[Your assignment]
Your job with the data below is to output exactly the lines from the one holding "Thé Détox Minceur" down to the one holding "Konzeption, Design und", both included, and no others.

[Material for this exercise]
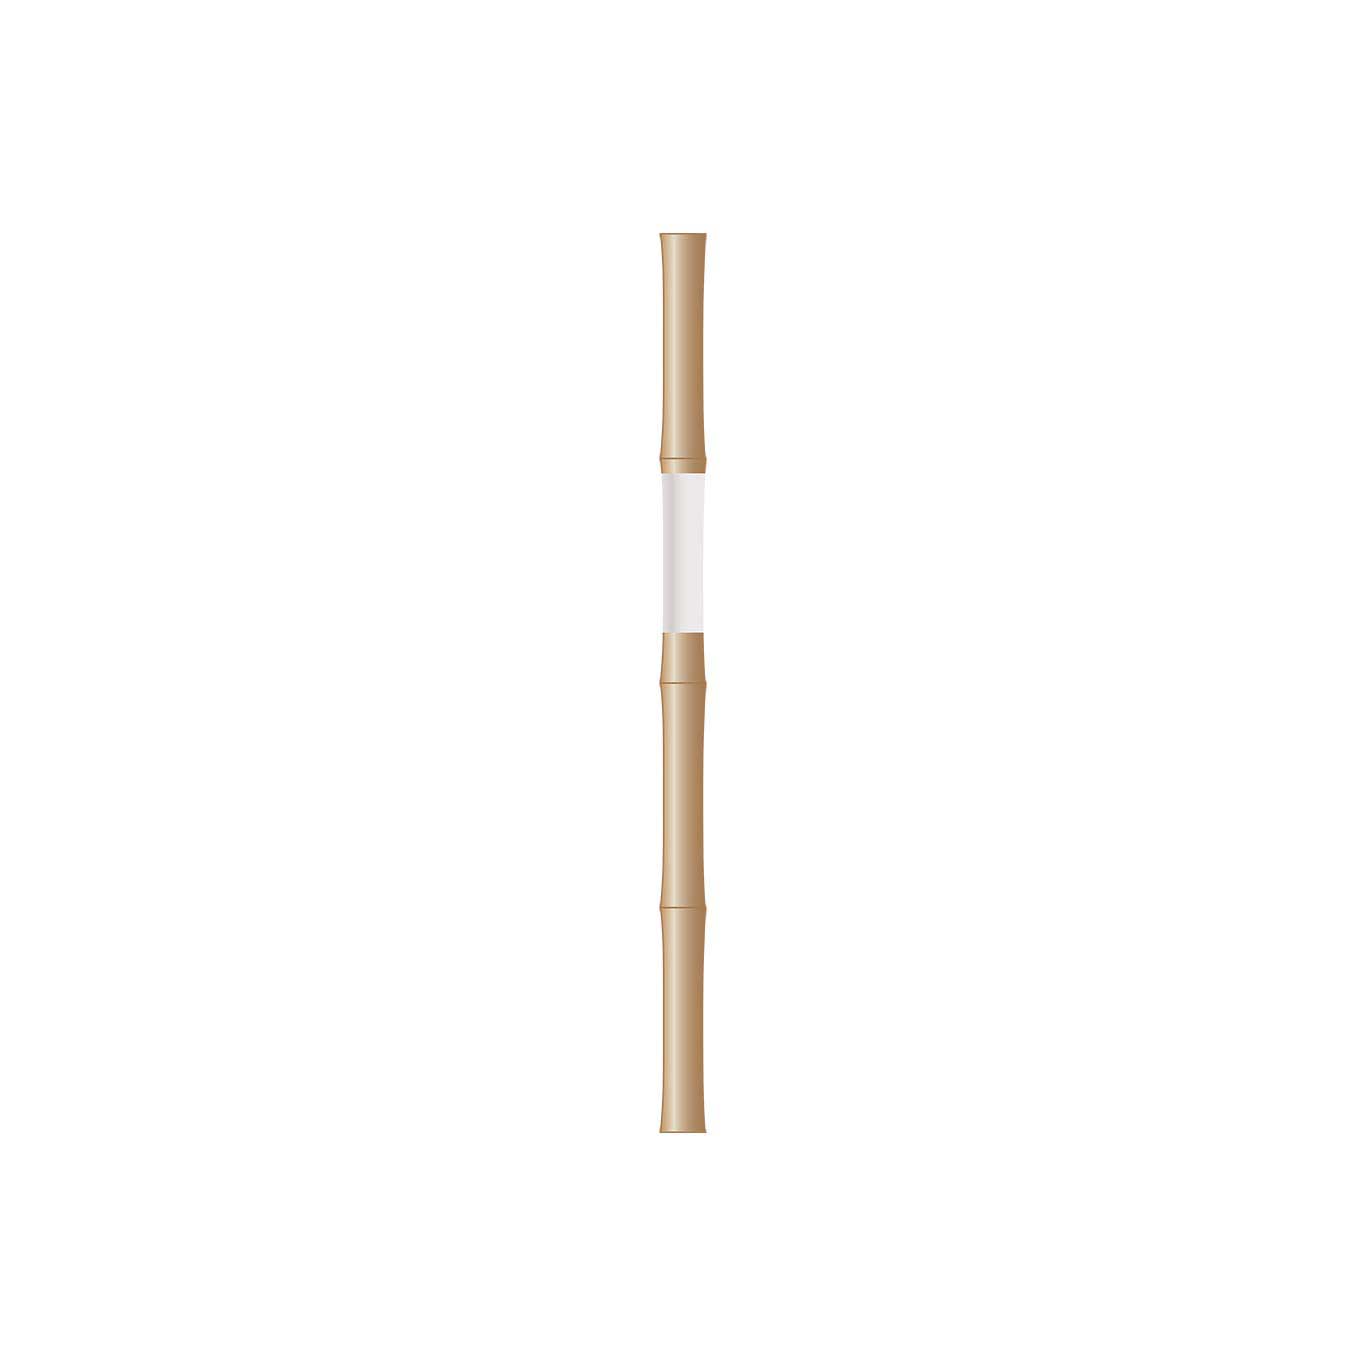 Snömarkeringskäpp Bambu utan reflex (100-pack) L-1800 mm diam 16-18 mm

* * *

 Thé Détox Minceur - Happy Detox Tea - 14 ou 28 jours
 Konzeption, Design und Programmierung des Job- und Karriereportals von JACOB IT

--

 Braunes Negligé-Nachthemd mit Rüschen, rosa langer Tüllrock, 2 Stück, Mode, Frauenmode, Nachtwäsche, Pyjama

[Reply to the task]
 Thé Détox Minceur - Happy Detox Tea - 14 ou 28 jours
 Konzeption, Design und Programmierung des Job- und Karriereportals von JACOB IT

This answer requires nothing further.